Energy Trading Assistant
An intraday trading team wanted faster, trustworthy explanations of price moves and position changes during volatile windows. Their LLM-powered assistant pulled context from market notes, EFA calendars, strategy wikis, and trade logs, but responses sometimes “sounded right” without being grounded. We introduced a focused reliability program to raise faithfulness, cut latency at peaks, and keep costs predictable.
Objectives
-
Increase grounded-answer rate on trade and market queries.
-
Reduce unsupported claims and policy risks in operator-facing answers.
-
Hit a p95 latency budget suited to auction/renomination bursts.
-
Establish continuous oversight so quality doesn’t drift after releases.
Our Solution
We split the problem into dialogue and RAG layers. For RAG, we measured retrieval recall/precision, context sufficiency, and document freshness; for generation, we scored faithfulness and clarity, and tracked hallucination rate with targeted human spot-checks. We tuned chunking and metadata, swapped embeddings, introduced a re-ranker for time-sensitive content, and tightened prompts to enforce citations and claim boundaries. For the assistant’s behaviour, we added domain guardrails (PII, compliance phrasing, market-manipulation disclaimers) and created route-level scorecards with release thresholds.
Finally, we wired offline → canary → production evaluations into CI/CD with weekly “quality digests” for traders and product leads.
Implementation Highlights
1. RAG debugger: Side-by-side traces showing when retrieval missed vs. when generation drifted; instant links to source docs.
2. Time-aware retrieval: EFA window tags and recency re-ranking so current day notes out-weigh archived commentary.
3. Prompt refinements: Structured answer template with mandatory citations, uncertainty language for missing data, and escalation cues.
4. Performance envelope: Concurrency tests with replayed peak traffic; caching for stable snippets; intent-based model routing.
5. Safety & policy: Targeted red-team packs for jailbreaks and prompt injection; calibrated thresholds to avoid over-blocking operators.
Before → After
Before: “Gas price jump due to ‘capacity constraints’,” no source cited; 3.4s p95; two follow-ups needed.
After: “Within-day gas up 4.1% mainly from NCS maintenance (source: Ops-Alert-#412) and LDZ demand (source: Daily-Demand-Sheet).

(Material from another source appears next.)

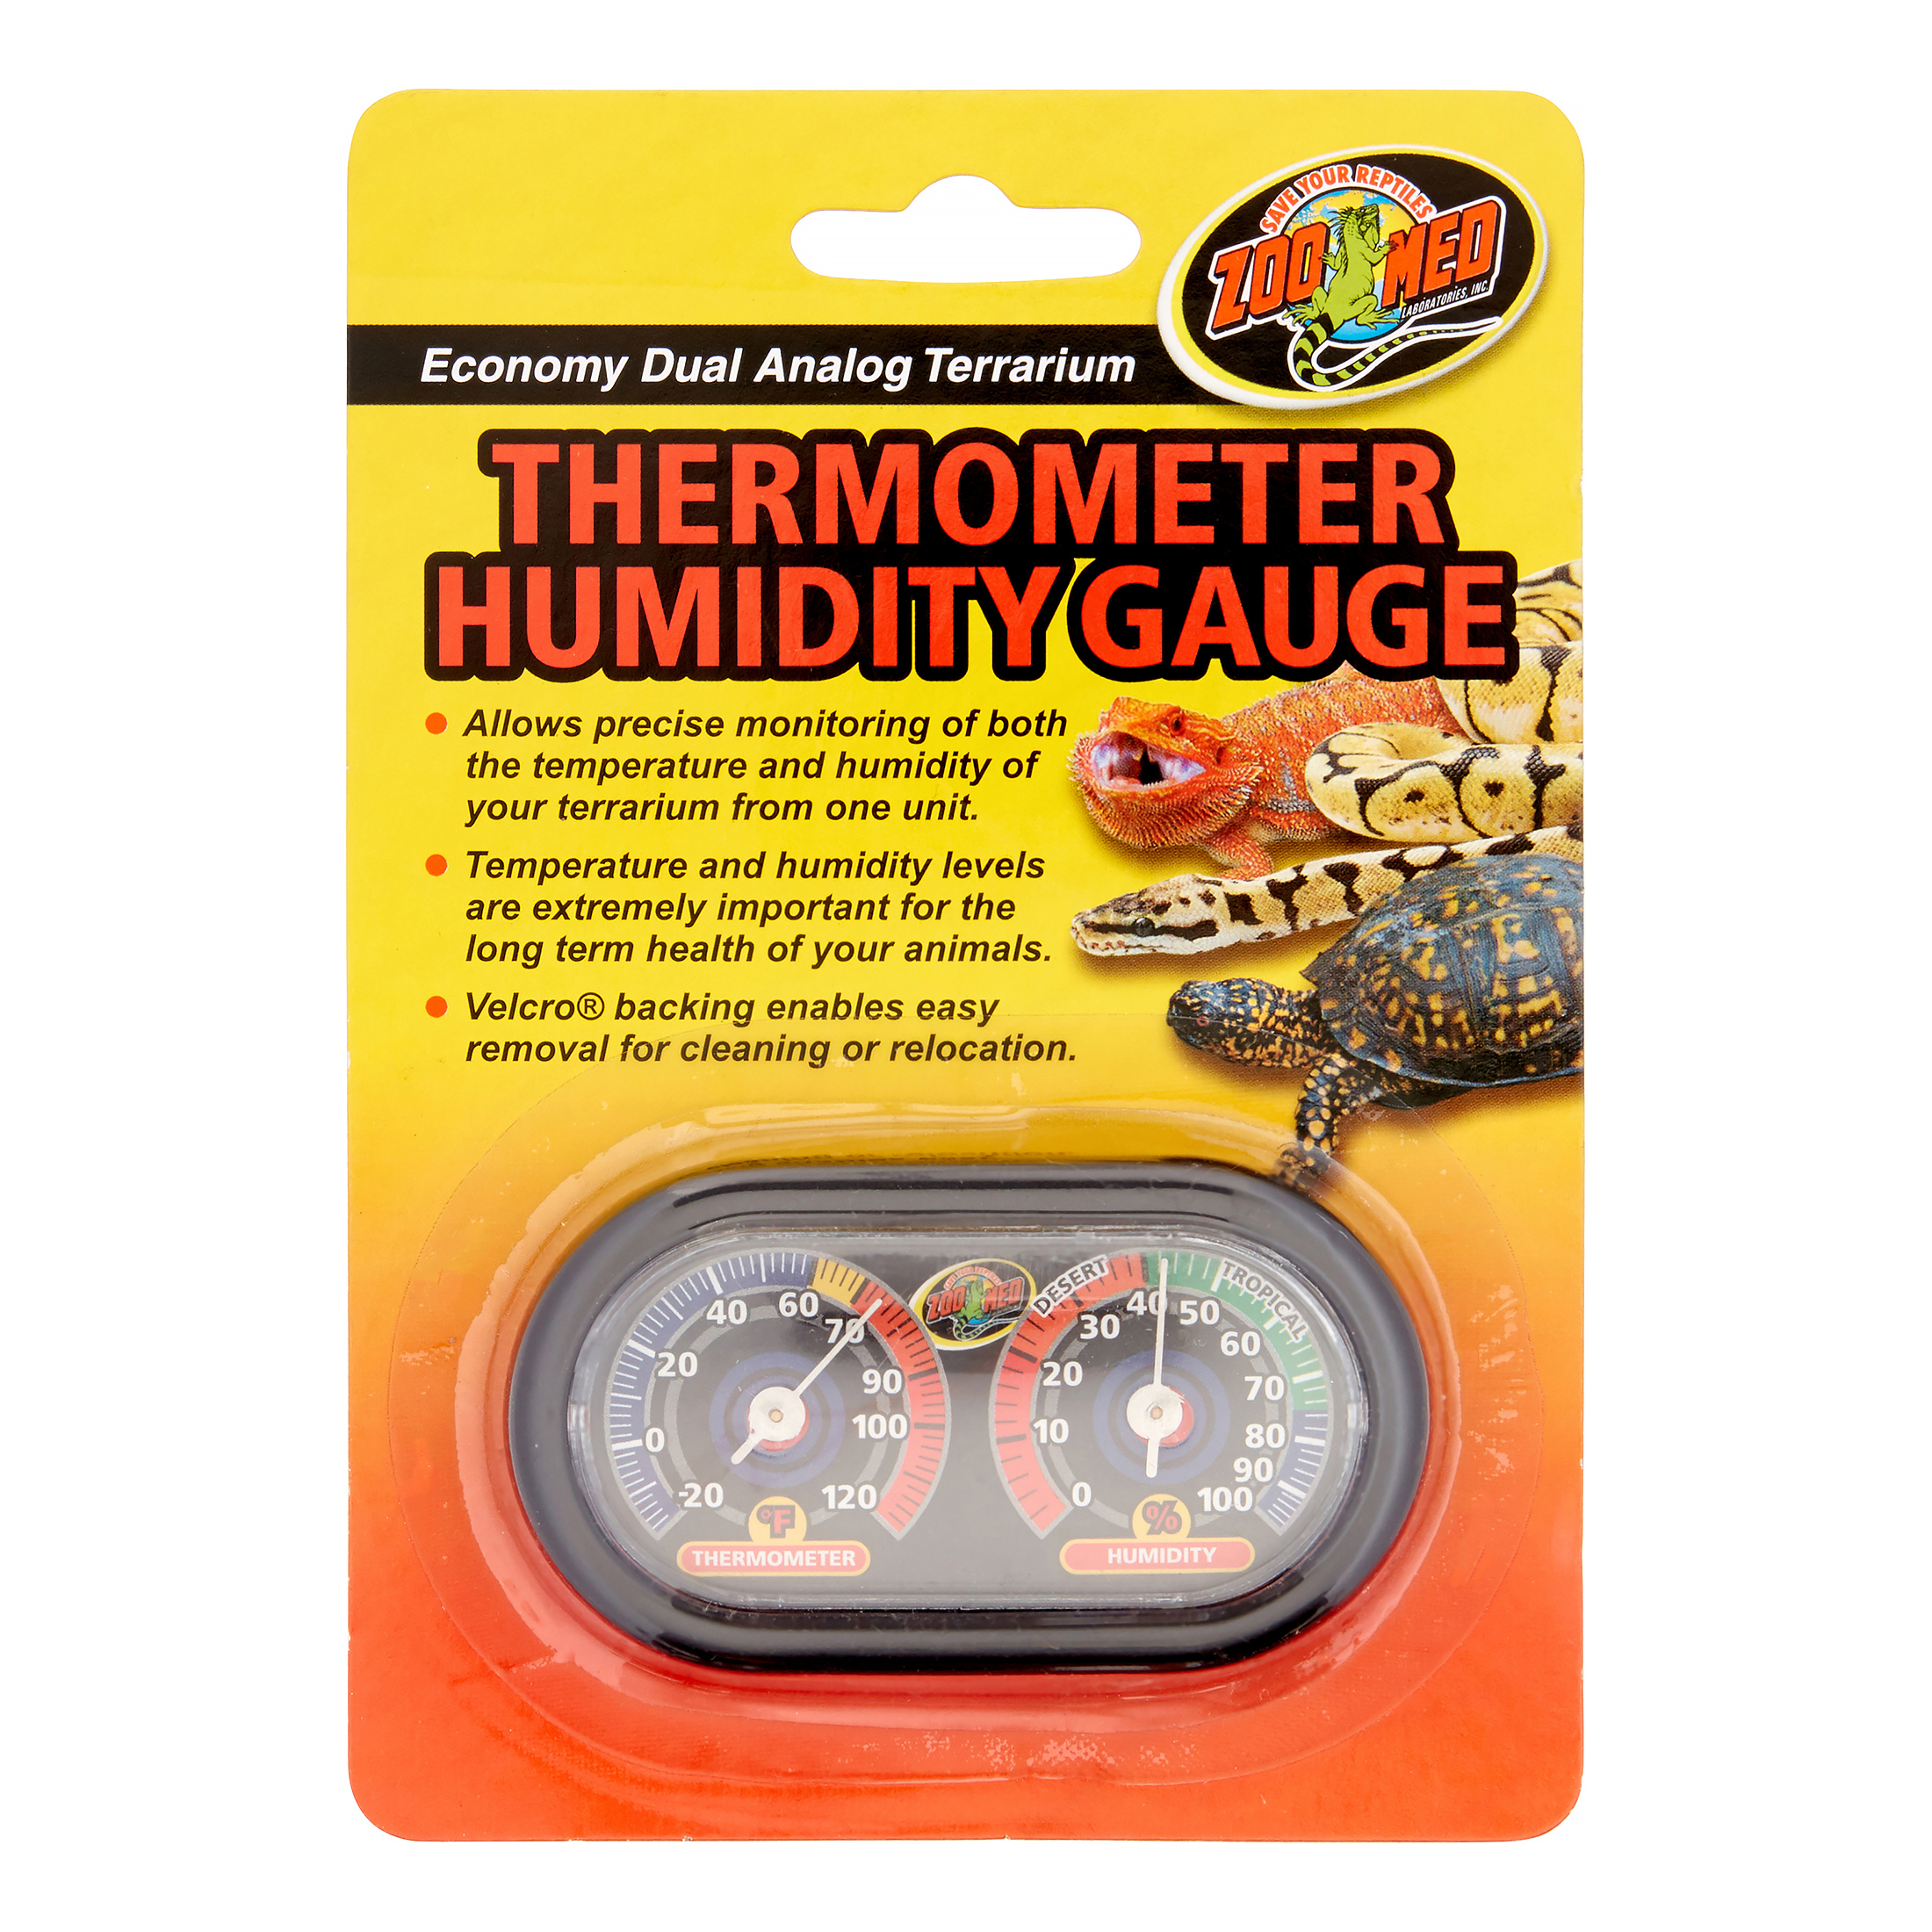 Zoo Med Economy Dual Analog Terrarium Thermometer Humidity Gauge - image 1 of 2
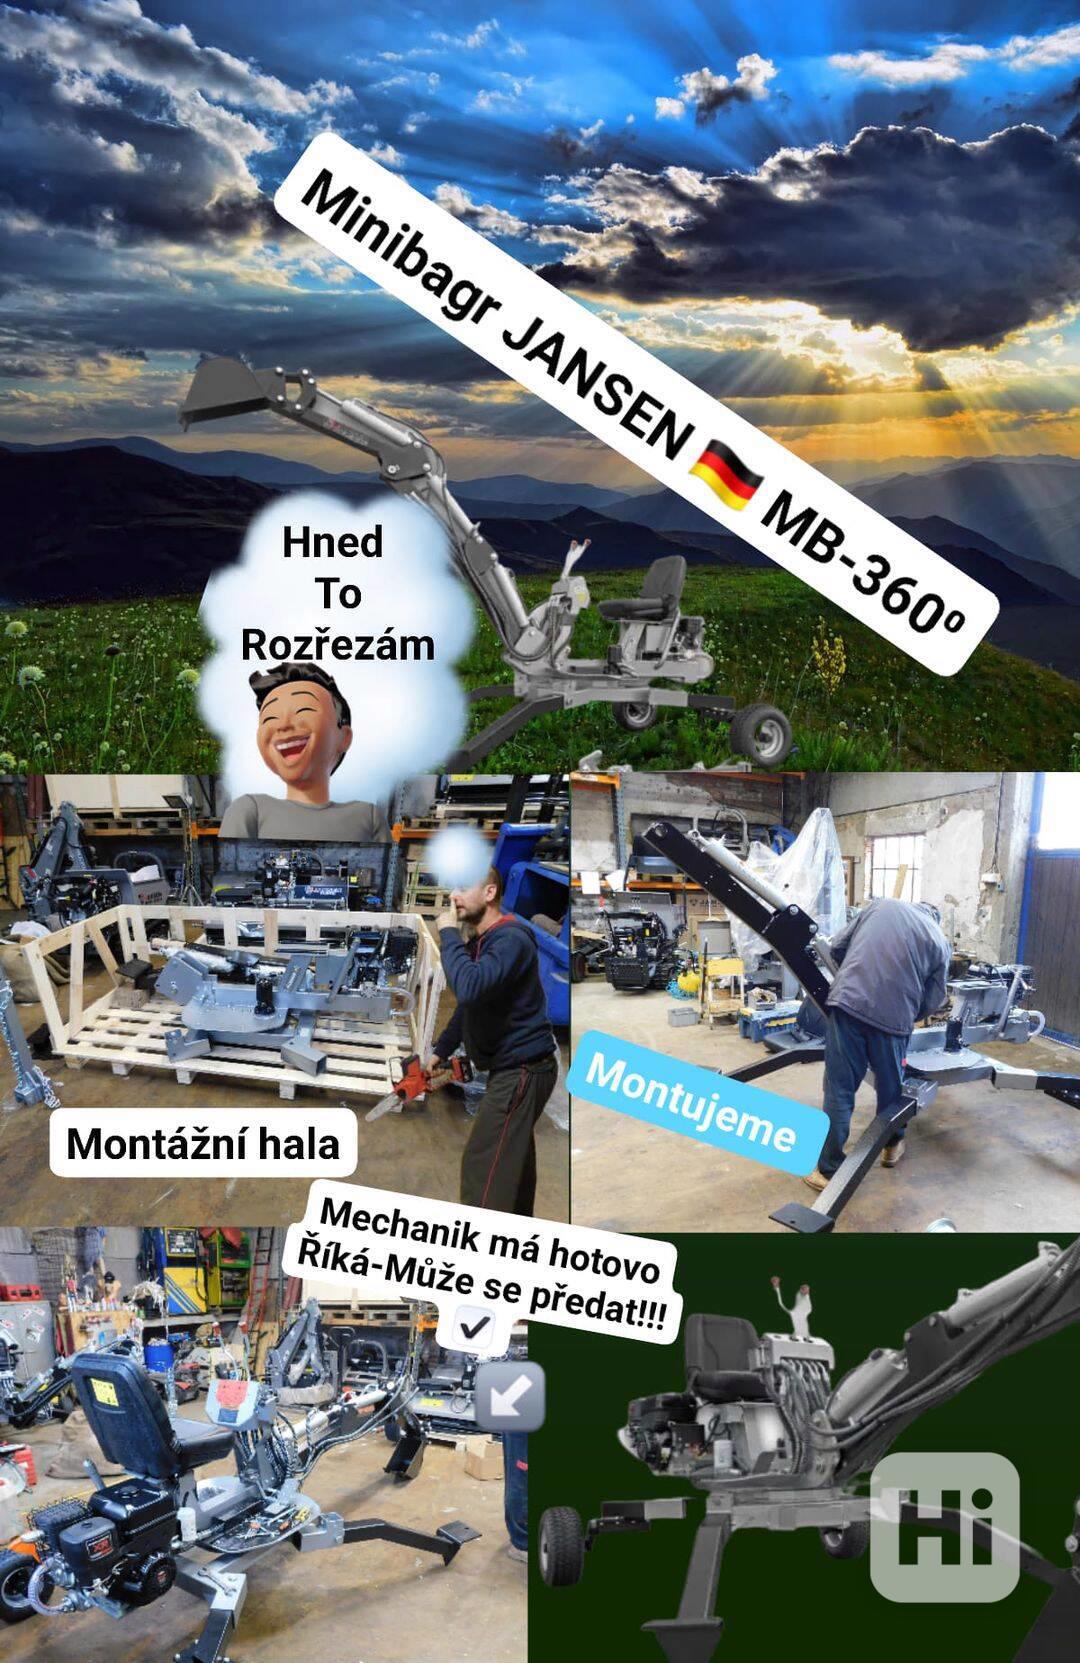 Minibagr Jansen MB-360° - foto 1

Confidence: medium; capacity data missing for Zone-B.” 2.3s p95; no follow-ups.
Collaboration
We ran short, instrumented cycles: define a reliability target, deploy a small change (retrieval, prompt, or route), and measure the movement on the scorecard. Traders reviewed weekly digests; engineering owned CI gates; product owned release thresholds.
Next Steps
Expand multilingual coverage for EU desks, add feature-flagged model mixtures for extreme volatility days, and integrate counterfactual data checks so new market notes can’t silently degrade grounding.